Berkeley Worms was founded in 1993 as ASUC Composting, an offshoot of the ASUC Recycling Collective. The ASUC Recycling Collective was a student group that operated for many years, and introduced recycling to the UC Berkeley Campus in the years before recycling was less accepted. Recycling has since been institutionalized, and is now run by Campus Recycling and Refuse Services. The start-up funds were obtained through grants from the Alameda County Waste Management Authority (ACWMA) and a few private foundations.

The start-up funds were used to buy a used F-350 dump truck, 35-gallon plastic bins to collect the waste in, other tools, and to allow free service to the dorms for a year. We've got soft, cushy jobs in comparison to those pioneering composters: A composter in those days would pick up the full plastic barrels of food waste in the dump truck, and drive them to the composting site at the Gill Tract. She would then don rubber boots, and dump some straw, woodchips, and a few barrels of food waste into a plastic mixing bin.
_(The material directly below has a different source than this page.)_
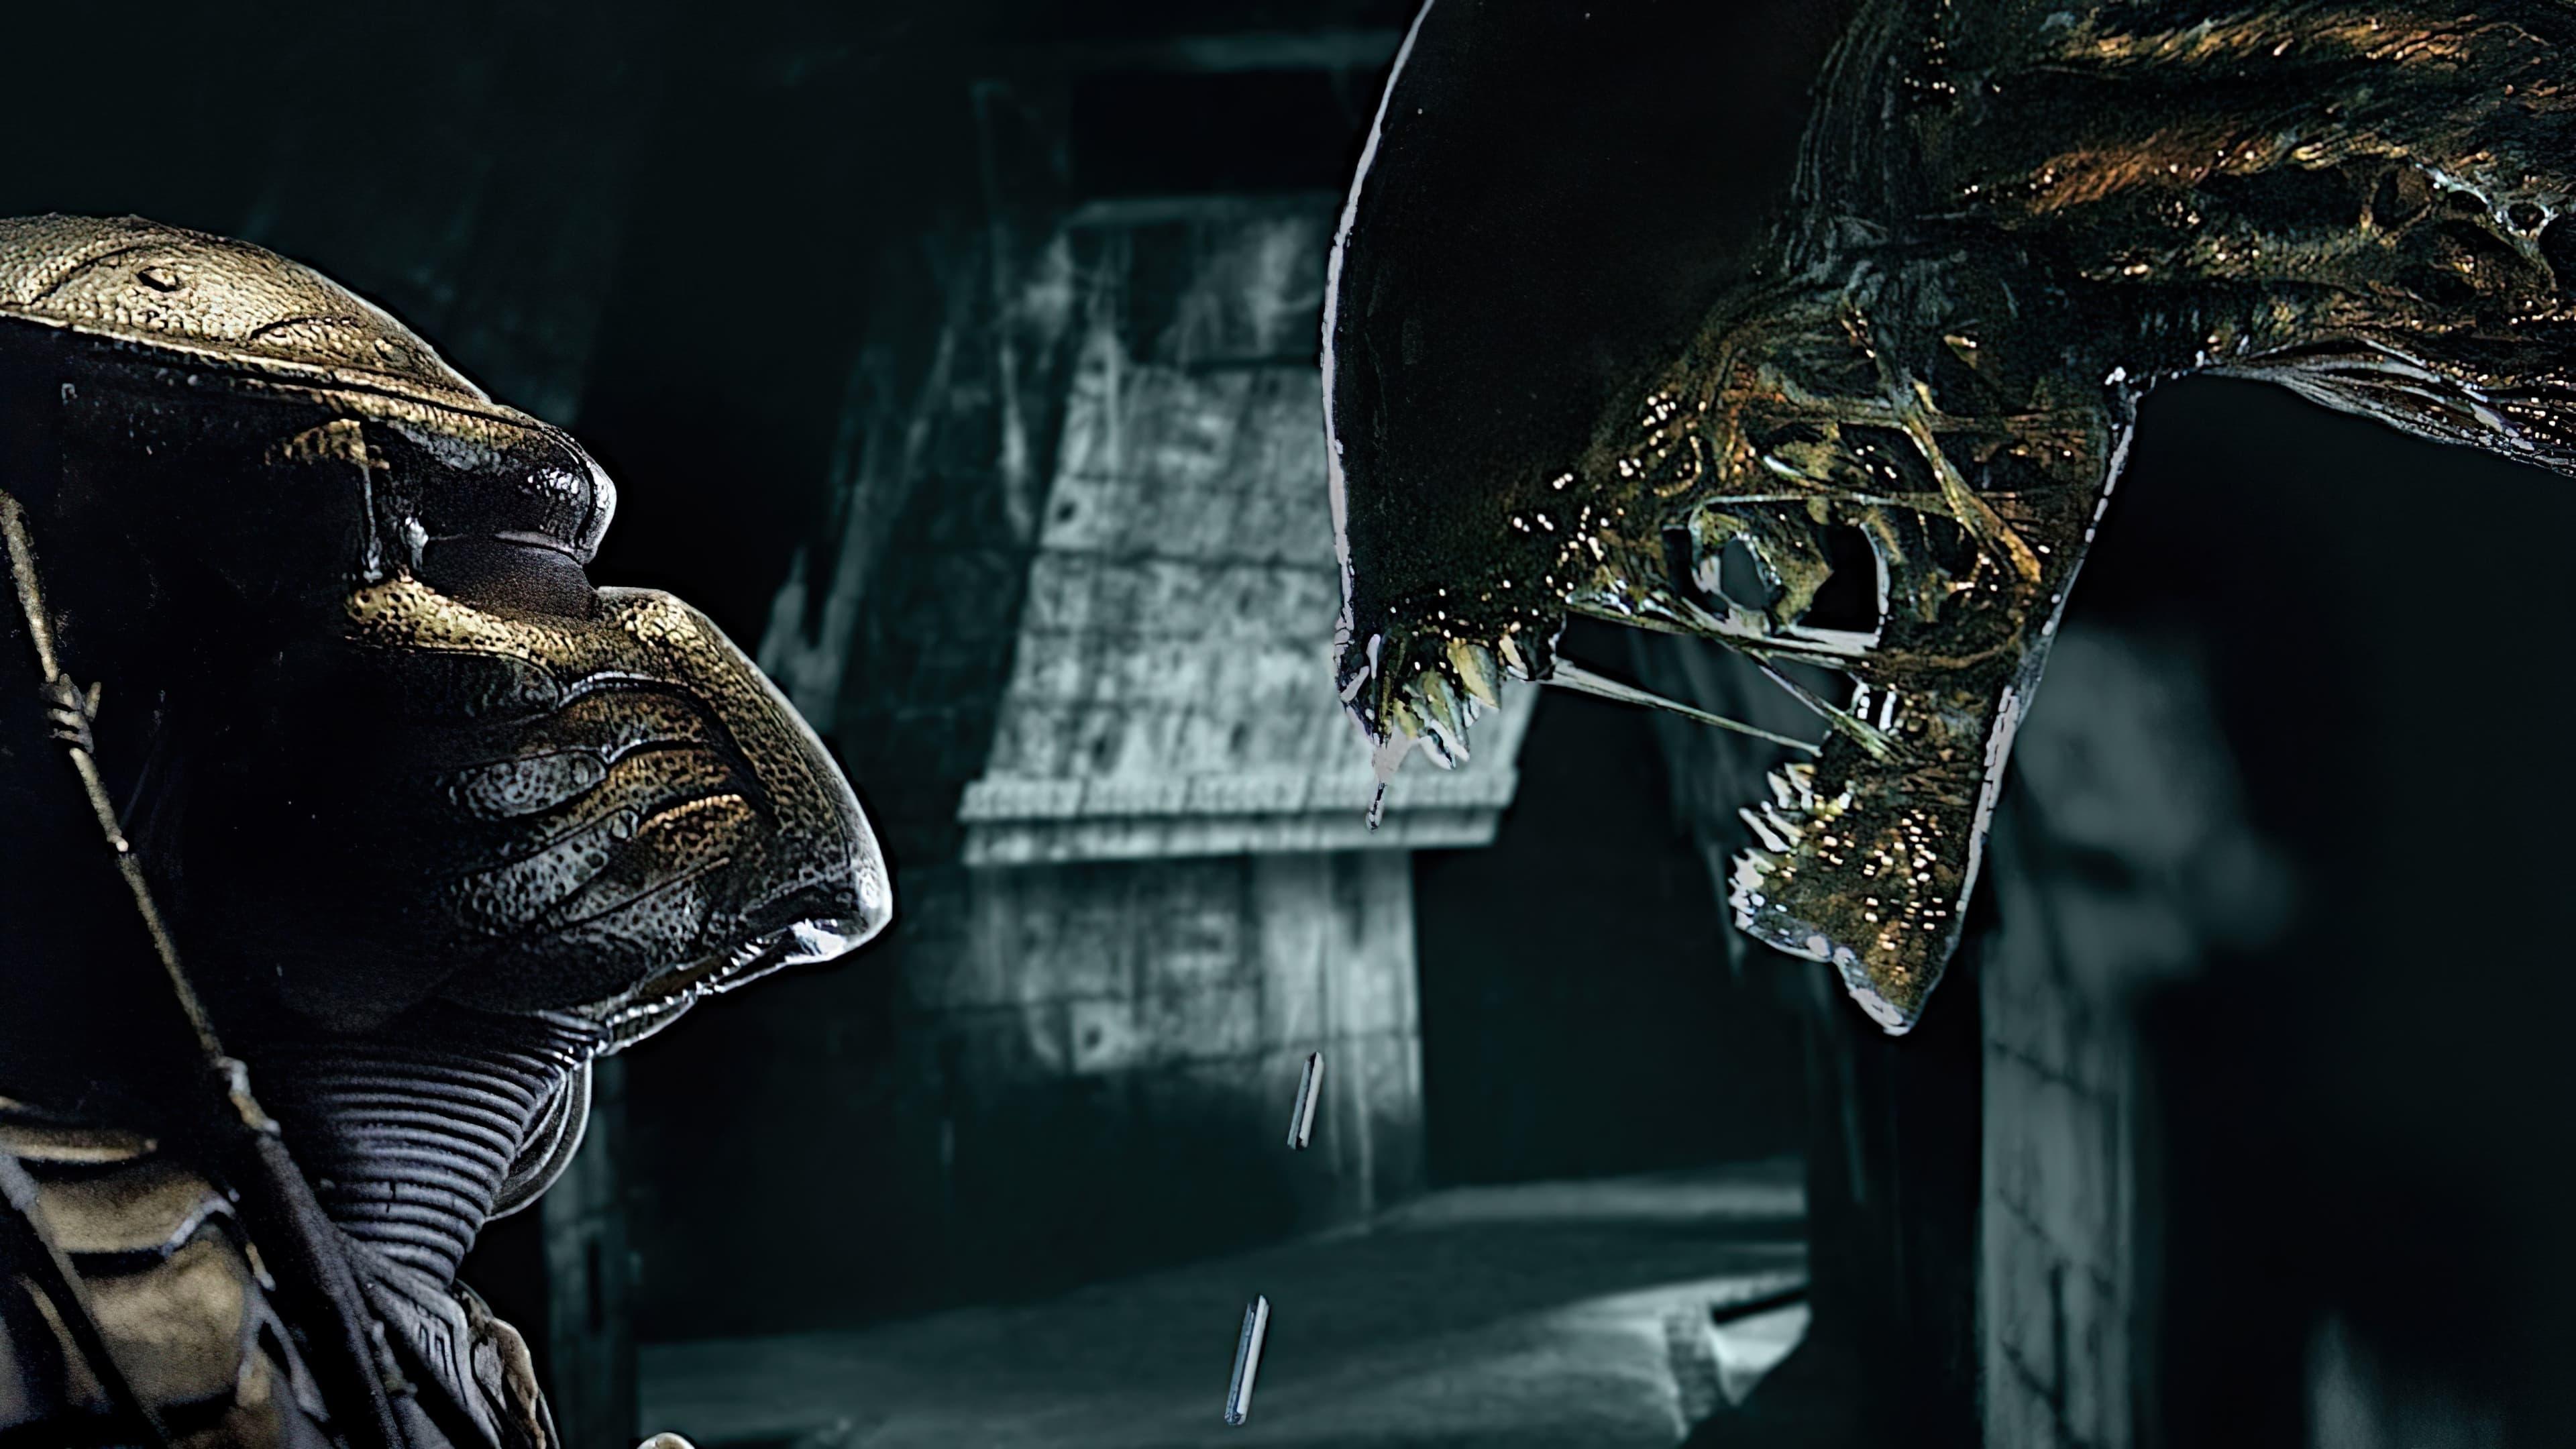 AVP: Alien vs. Predator backdrop
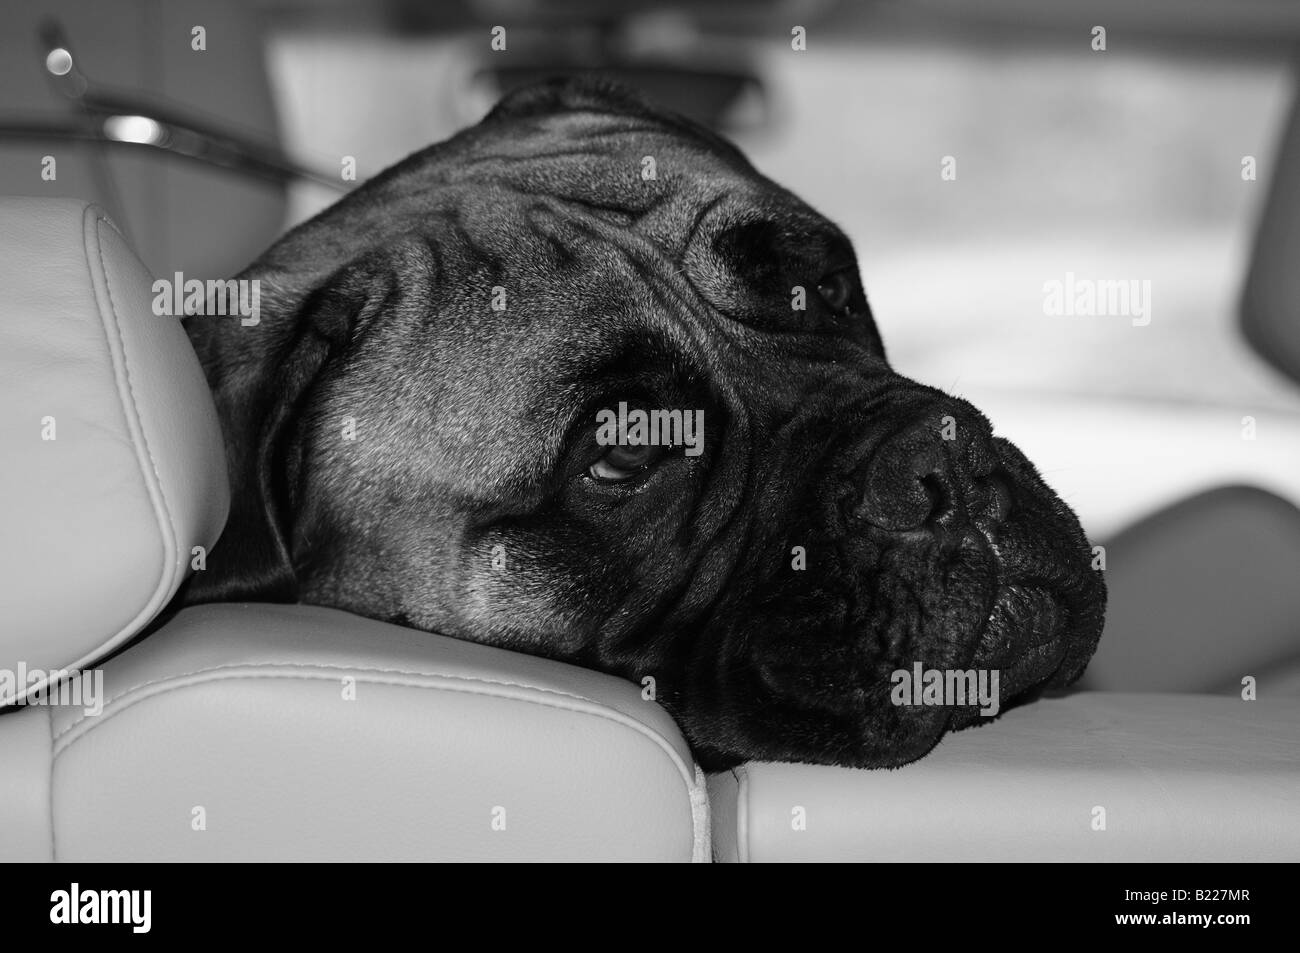 Un bullmastiff (Bull Mastiff) perro mirando su cabeza sobre el respaldo de los asientos de cuero de un coche, como su propietario decide marcharse. Foto de stock

Armed with a sharpened shovel, she would then manually chop and mix everything into a slurry. The slurry would then be made into windrows -- long, skinny hot compost piles. The windrows were turned manually at first, then later with a small Bobcat tractor, and manually once again when the Bobcat broke down.


the ASUC Composting Collective in 1995

Here's a story of the sort of brave innovation that went on, courtesy of Phil Cornish:
Back then, we were picking up the barrels in the back of the dump truck, and we were talking about letting the food age -- precompost a bit -- before actually mixing it into the piles. We'd pick up on Mondays, Wednesdays, and Fridays, and we realized that if we started composting in the back of the dump truck, we would only have to drive to the site once a week. So, we constructed a divider in the middle of the dump truck bed, so we could fill the front half with food waste and store the barrels in the back half. We'd dump the food in the front half on Mondays and Wednesdays, then drive to the site on Fridays to dispose of it. So, four days a week our dump truck, which was parked on campus near the sports fields, had rotting food glop in it. To let the leachate drain out, we measured the slope on our parking space, and drilled a hole in the appropriate corner of the dump truck. Then we'd put a bucket underneath the hole to catch the leachate. The softball team wasn't too happy about the whole situation, especially when the leachate bucket would overflow 'cause we forgot to empty it. Eventually we gave up composting in the truck.

Some brilliant innovations they came up with are still with us -- the worms, for instance. The Vermitopias were designed by a few collective members including Degge Hays, based on a design known as the Oregon Soil Corporation Reactor (OSCR). They were made larger and easier to construct, and were described in Worm Digest, Issue 19. A sketch of how to make them is avaliable here. The bins were built with another grant from ACWMA, which also paid for our intial marketing outlay -- bags, a bag sealer, and so forth.